In this paper, in order to study the evolution process, toppling mode, toppling deformation and failure mechanism of steep bedding rock slope,
we used the slightly weathered slate on the left bank of the reservoir as a reference prototype for the similar material material, then we choose to use the bottom friction test method to analyze the deformation and failure characteristics of slope under different condition of slope angles, plane inclination angles and structural plane occurrences.

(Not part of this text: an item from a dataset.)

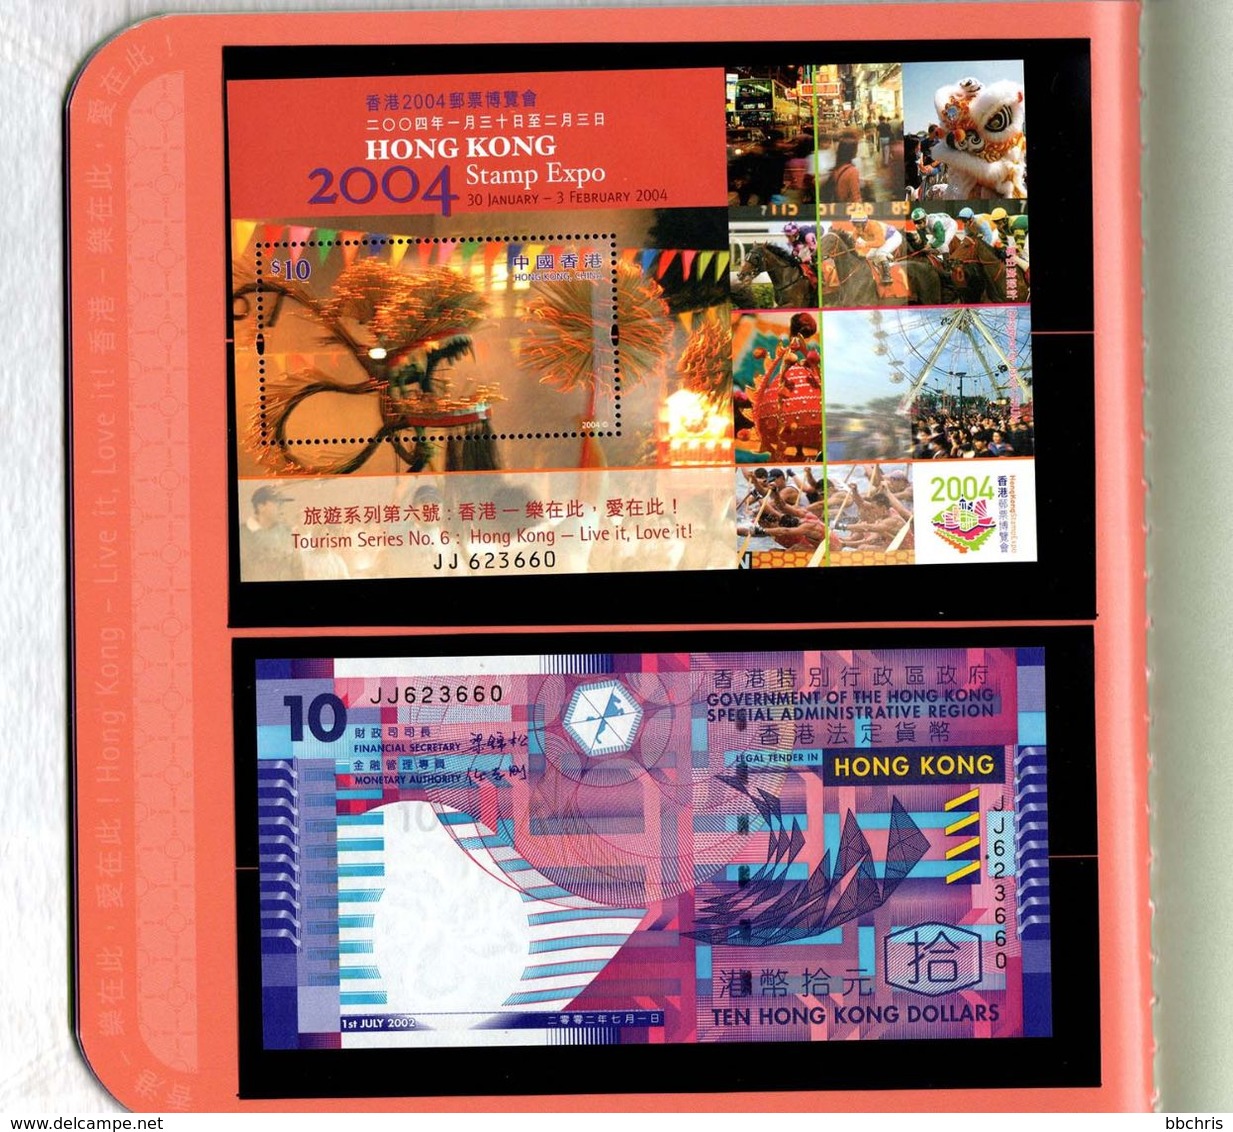 Prestige Collection of Hong Kong 2004 Stamp Sheetlets & Banknotes Numbered Sheets matching with banknotes MNH

The results show that: ①The main toppling failure mode of the steep bedding rock slope is the tensile-toppling type. In the early stage of evolution, the rock mass at the foot of the slope is the first to topple due to stress concentration, and gradually develops from the front edge of the slope body to the middle and back. The rock mass in the middle of the slope surface also gradually changes from the forward dip to the upright to the reverse dip state, and accelerates to bend and topple towards the free surface under the action of gravity. When the deformation of rock mass reaches a certain extent, it will fracture along the maximum bending part or structural plane, and eventually slip along the tensile fracture plane or even collapse directly. ②By comparing the slope parameters and deformation characteristics of the test models, the 7 groups of model slopes are roughly divided into 3 categories: near-vertical bedding rock gentle slope, steep dip bedding rock steep slope, near-vertical bedding rock steep slope. Compared with slope Angle, the rock layer dip Angle has more influence on the toppling deformation and failure of the steep bedding rock slope. The gently inclined structural plane that is not perpendicular to the plane is more likely to cause the toppling deformation and failure of the steep bedding slope than the one perpendicular to the plane, and the scale of toppling deformation and failure is larger when the slope body develops the inward structural plane compared with the outward inclined structural plane. ③From the perspective of deformation stage, the deformation evolution process of slope is divided into initial deformation stage, toppling deformation stage and toppling failure stage. ④The toppling deformation and failure process of steep bedding rock slope is divided into stress adjustment stage, flexural-creep stage, flexural-sliding stage and toppling-sliding-collapse fracture stage from the mechanism. According to the deformation degree of the toppling area, the deformed slope can be divided into three zones: a strong toppled zone, a weak toppled zone, and a stable zone.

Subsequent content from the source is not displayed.